Eventually I’ll have something as complex as this crime scene example. My plan is to implement a dictionary of knowledge very much like this, to track what you’ve learnt about convoy HG76. If you have noticed certain things from talking to Higham and other characters, or reading the Confidential Books, you’ll get the option to try that out in the tactical game. If you don’t know these facts you won’t see those branches of the story, and Roberts will get annoyed at you. I want to balance the game nicely so you can’t win by blind-guessing (or knowing the answers already!), and you don’t have to sit through endless chatter to learn the one thing you’re missing, and you come away having uncovered the facts without it seeming to railroad you into a linear narrative.
That sounds super-complicated and weeks-of-coding to pull off, right? But no! With ink all I have to do is come up with the text of that branching narrative. I’ve got my knowledge dictionary planned out (I’ve been red-penning the HG76 narrative, thank you Ed Butcher and the Maritime Warfare Centre for scanning the not-Confidential-any-more Books for me), and I’m deciding who/what to give the nuggets to, and what flags I need to keep track off…one of the things I want to capture about the story is how the Wrens made it work. Roberts was kind of a dick towards some people, so I intend to use that impatience tracker as a marker for how much of a yes-man you currently are. If Higham can see Roberts has been sharp with you, he’ll open up a bit more about HG76 (he was sunk out of Audacity on this convoy, it’s how he ended up at WATU, and probably why he didn’t make a good impression with Roberts).
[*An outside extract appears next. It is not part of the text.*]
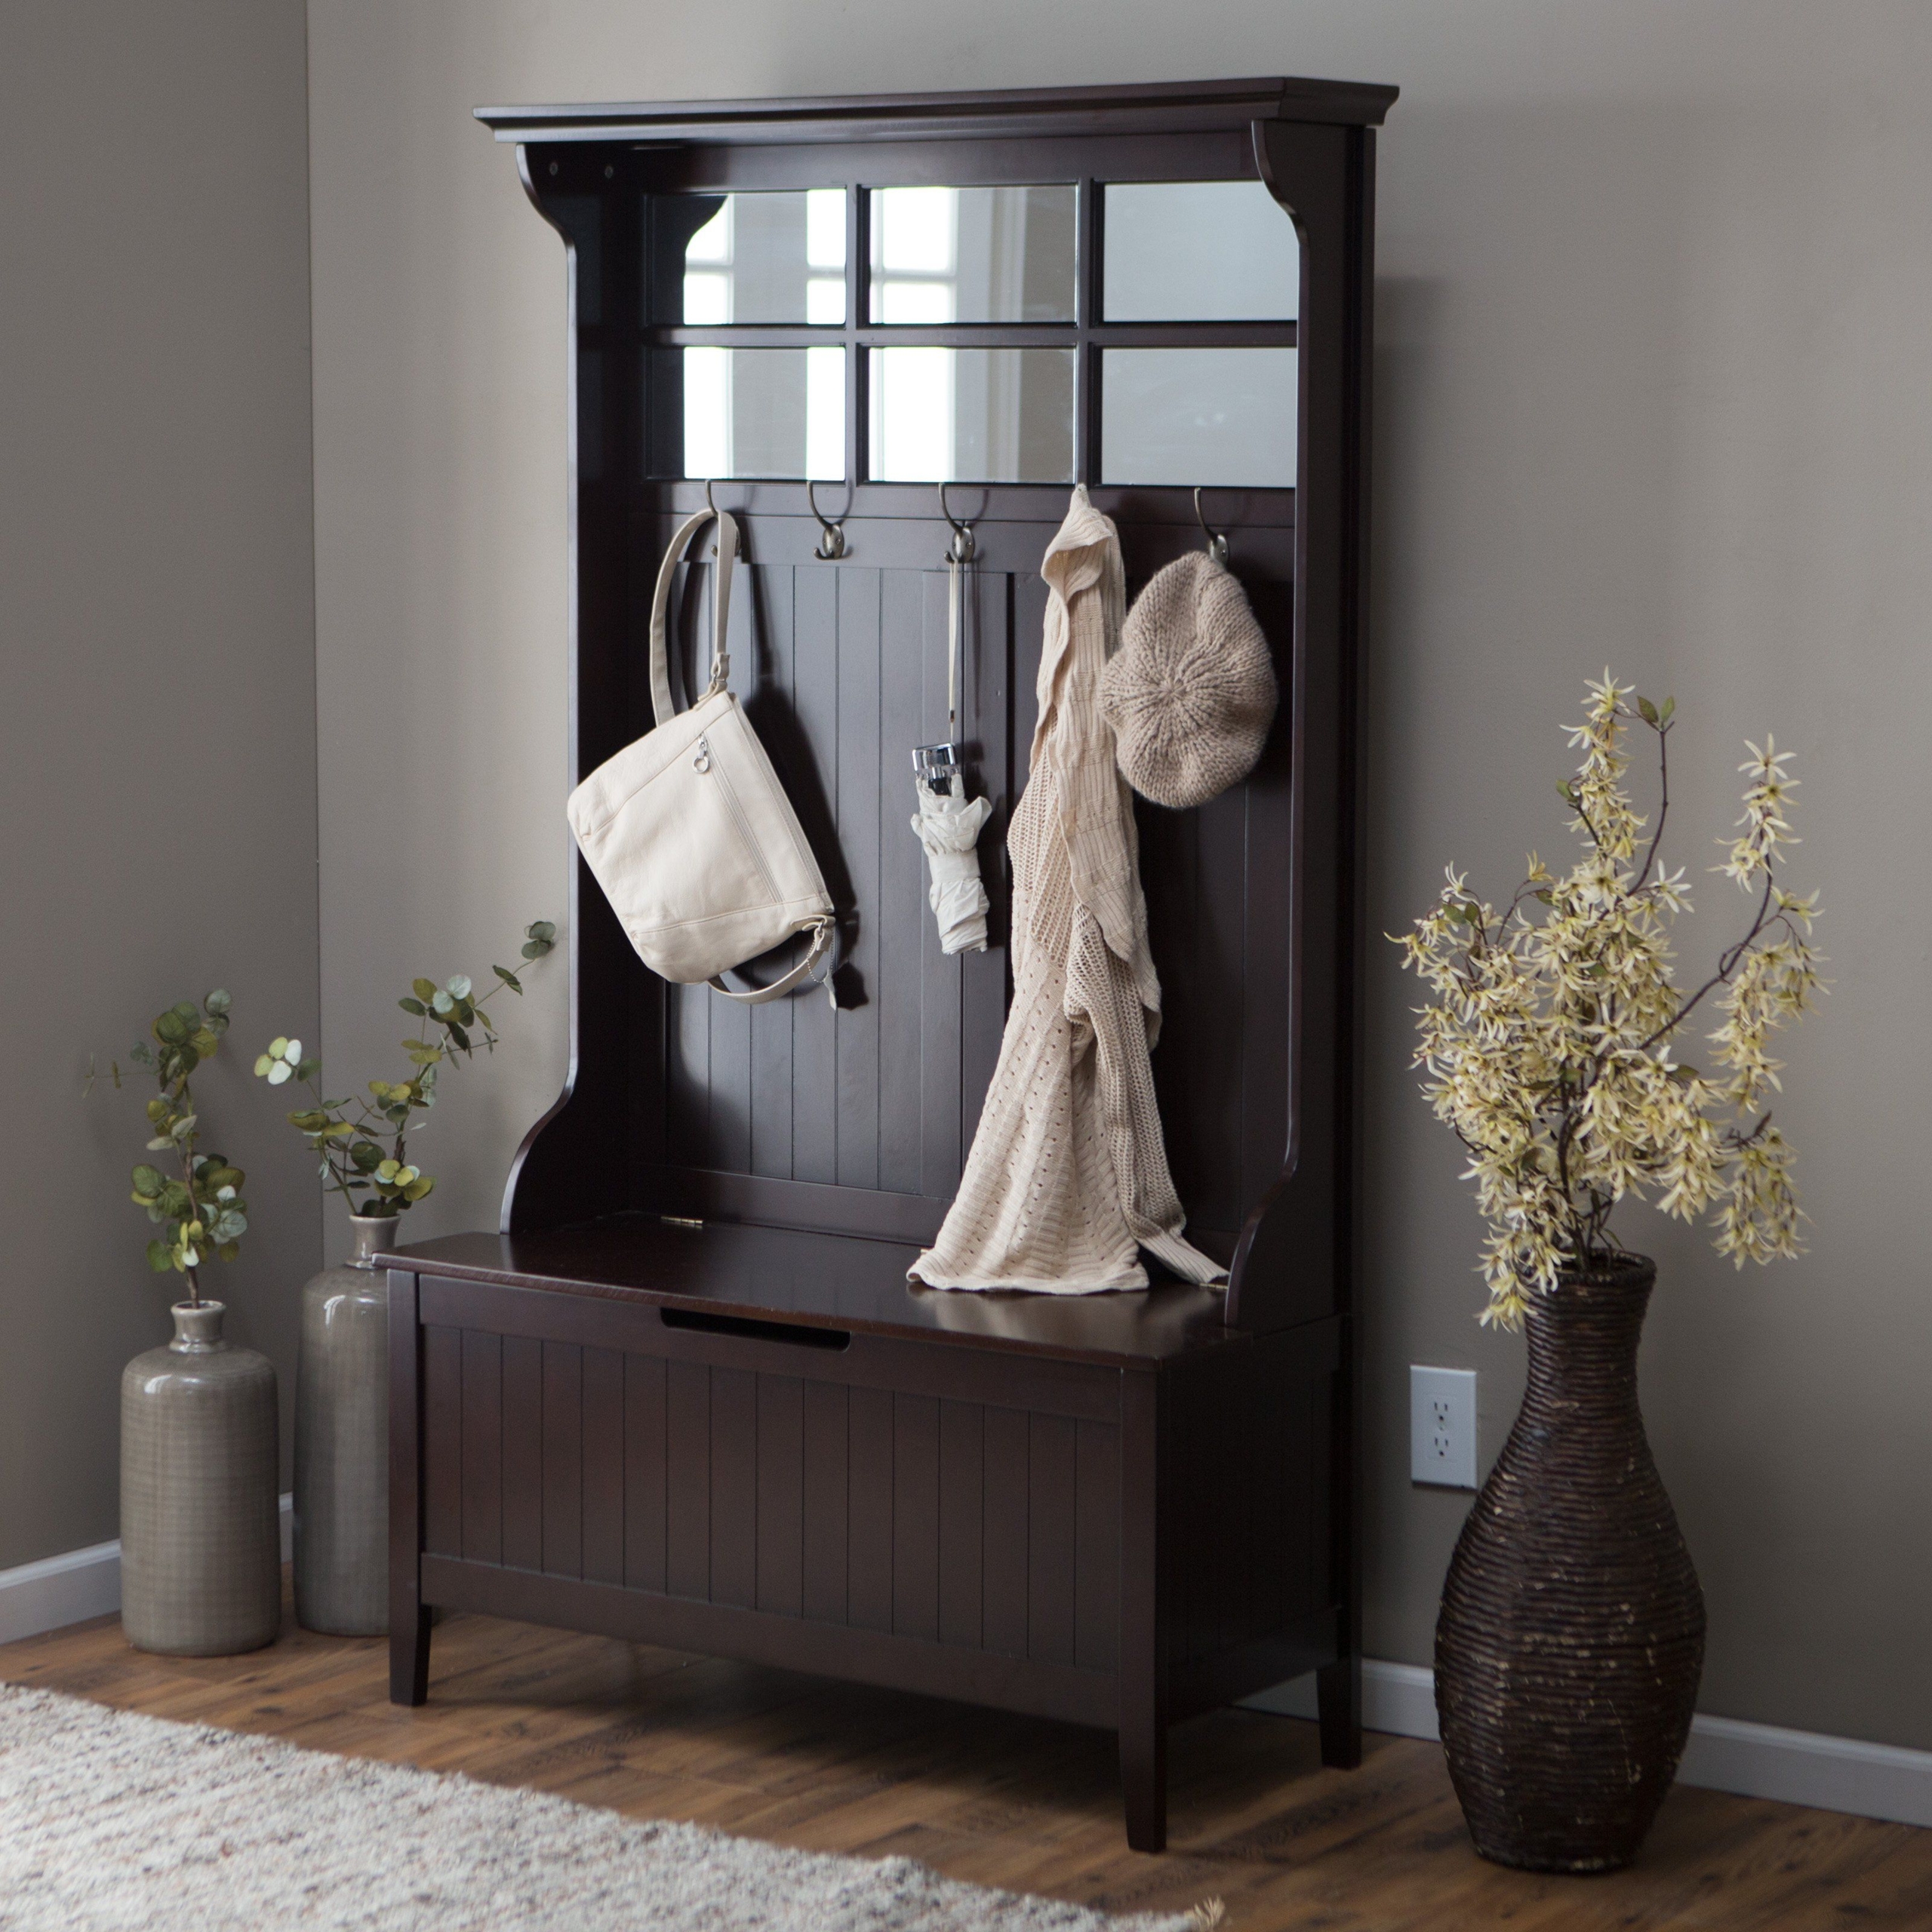 Belham Living Richland Hall Tree in Espresso Has Five Double Hooks Are the Perfect Place to Hang Coats, Hats, and Scarves, While the Lift Top Storage Bench Stores Blankets, Throws, and Pillows. Use in a Mudroom or Entryway. Mirrored and Beaded Detail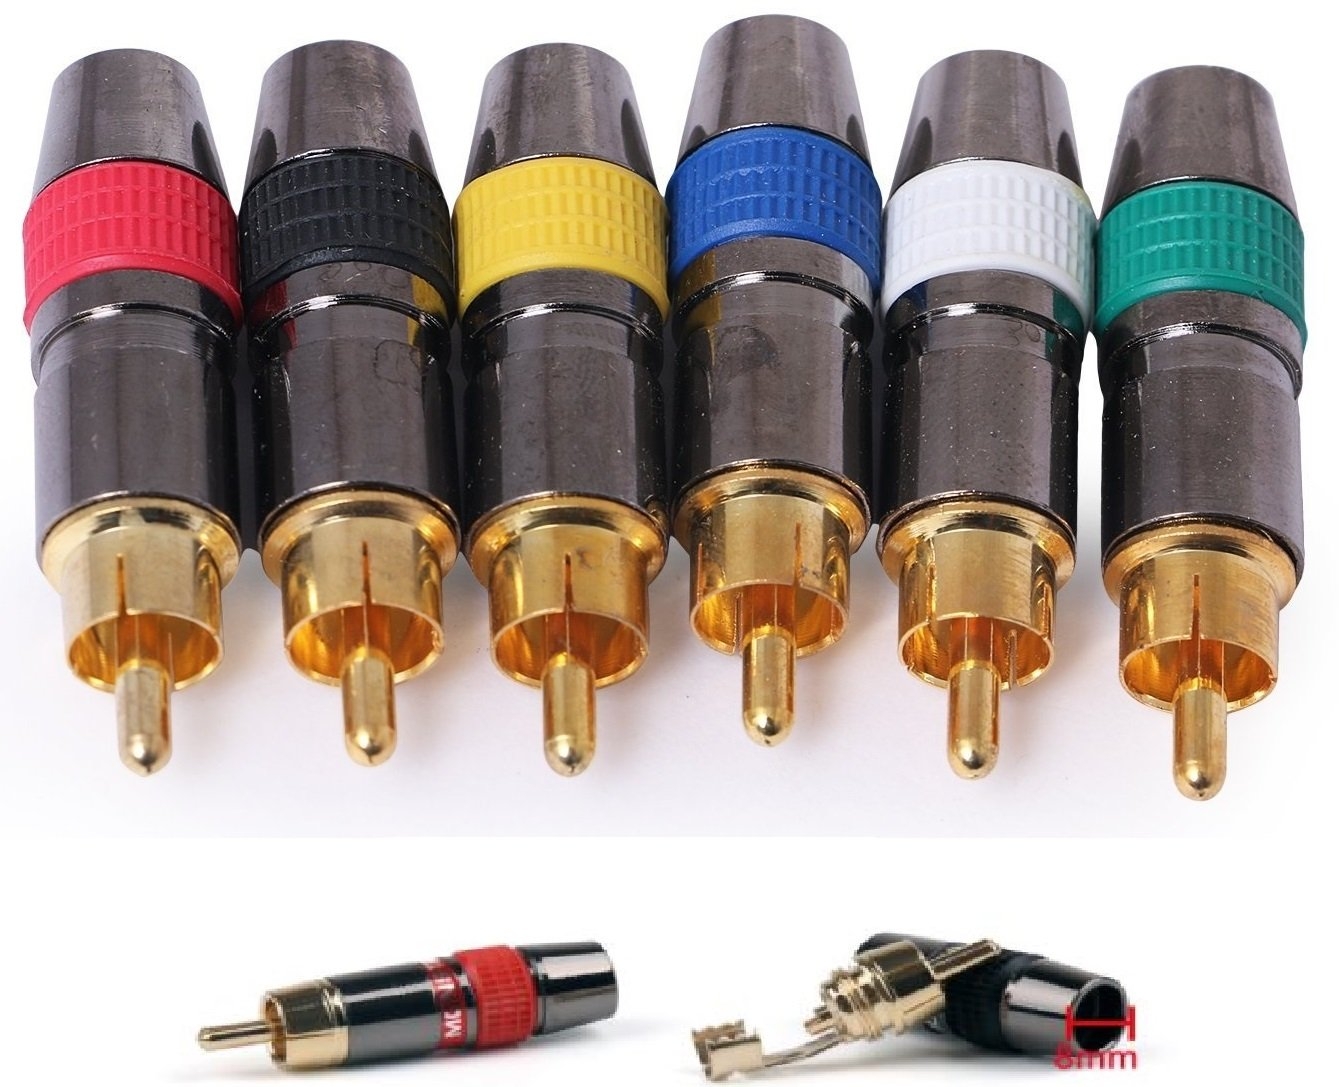 Metal Solderless RCA Male Connectors Screw Design - Audio/Video in-Line gold plated jack - 6 pcs

Try out the barest-bones concept demo!
You can play the super-simple demo here (or click the WATU crest below), at simmer.io …health warning: it takes a while to load, and I’ve found (at least on my Mac) you need to toggle full-screen mode to get it to work (you can toggle out again; for some reason it starts paused and won’t un-pause except by full-screen-ing). The game isn’t really meant for WebGL but it’s a convenient and platform-agnostic way to share a sneek peek.
Click the WATU crest to give it a try.
Instructions
- When there’s dialogue on-screen, left-click to continue the story.
- Left-click anywhere on the floor to move (if you click on a wall it will interpret that as the floor on the other side of the way if there is any).
- When you’re standing near a person or the gramophone, press space to interact.
- Heads up, the gramophone plays music, so put your headphones in if you need to. (Actually, do it anyway, because the sound is spatially-aware and it’s a cool effect!)